The US Supreme Court is allowing President Donald Trump to continue to use a rarely-invoked wartime powers law to carry out rapid mass deportations of alleged gang members for now.
A lower court order on 15 March had temporarily blocked the administration’s summary deportations under the law meant to protect the US during wartime.
Trump has said that immigrants allegedly belonging to the Venezuelan gang Tren de Aragua were “conducting irregular warfare” against the US and that he would deport them under the 1798 Alien Enemies Act.
While siding with the administration, the top court’s majority said that migrants subject to deportation must be given “an opportunity to challenge their removal”.
“The notice must be afforded within a reasonable time and in such a manner as will allow them to actually seek habeas relief in the proper venue before such removal occurs,” the justices wrote in the unsigned 5-4 ruling on Monday.

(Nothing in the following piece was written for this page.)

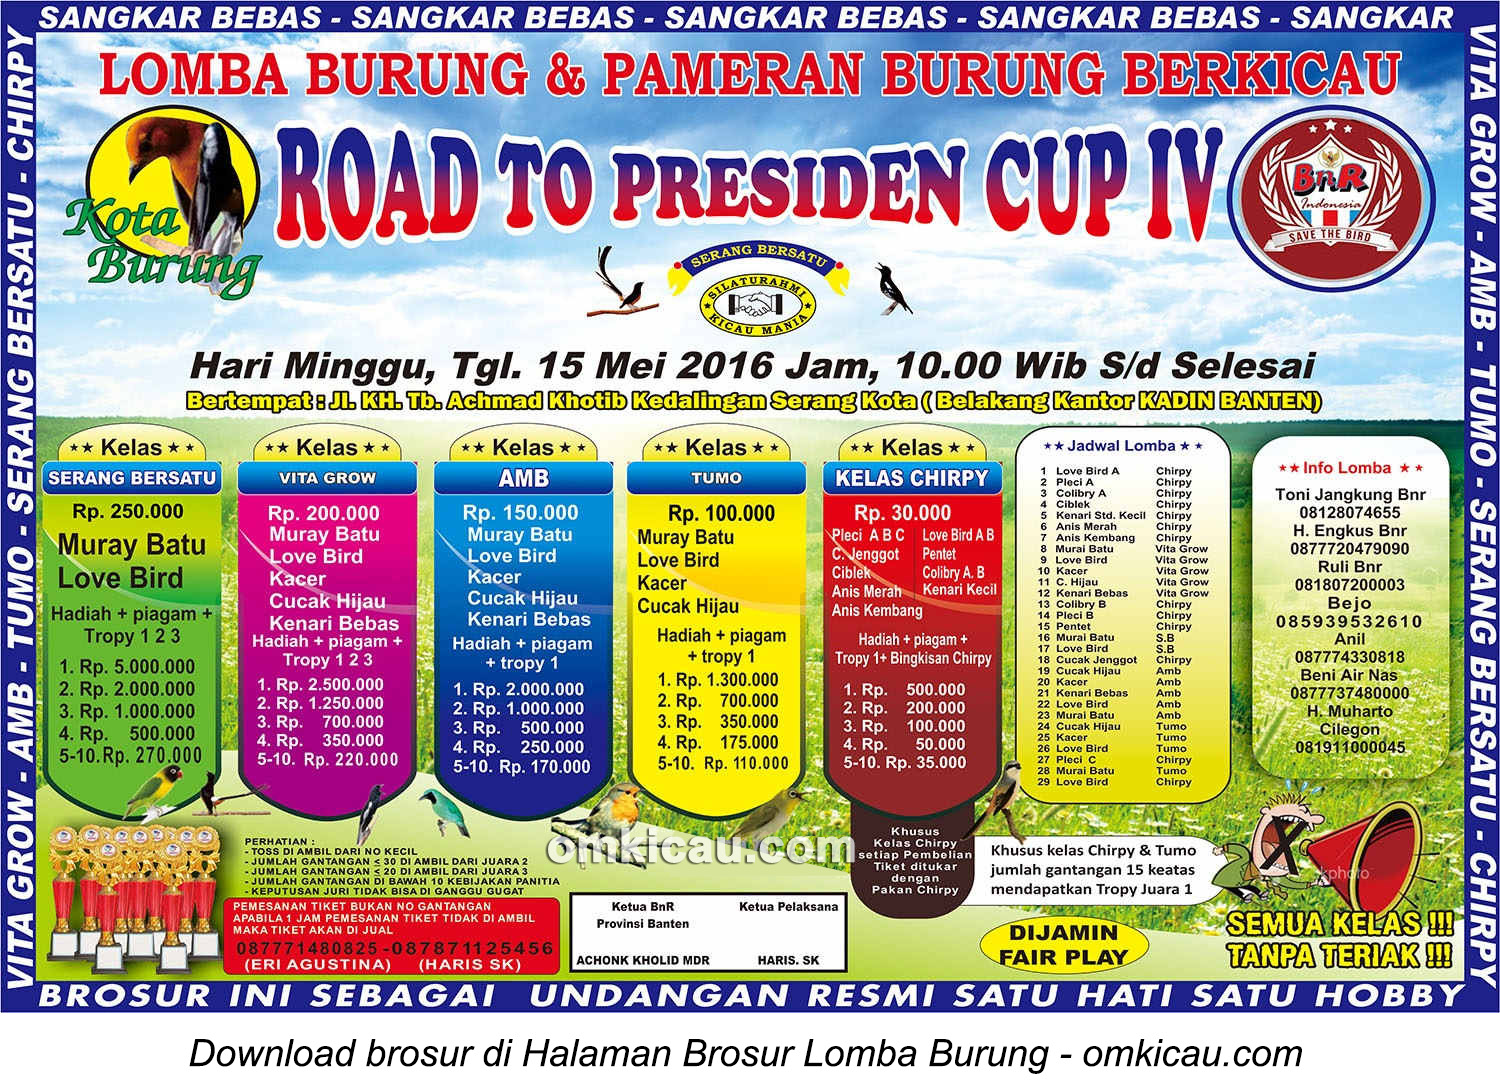 Brosur Lomba Burung Berkicau Road to Presiden Cup IV, Kota Serang, 15 Mei 2016

“The only question is which court will resolve that challenge,” they wrote.
Monday’s ruling said the challenge, brought by five migrants, was raised improperly in a Washington DC court and not in Texas, where they are confined.
Conservative Justice Amy Coney Barrett joined the court’s liberal justices in dissenting with the majority ruling.
At least 137 people have been deported by the Trump administration under the Alien Enemies Act, a move criticised by rights groups.
The act grants the US president sweeping powers to order the detention and deportation of natives or citizens of an “enemy” nation without following the usual processes.
It was passed as part of a series of laws in 1798 when the US believed it would enter a war with France.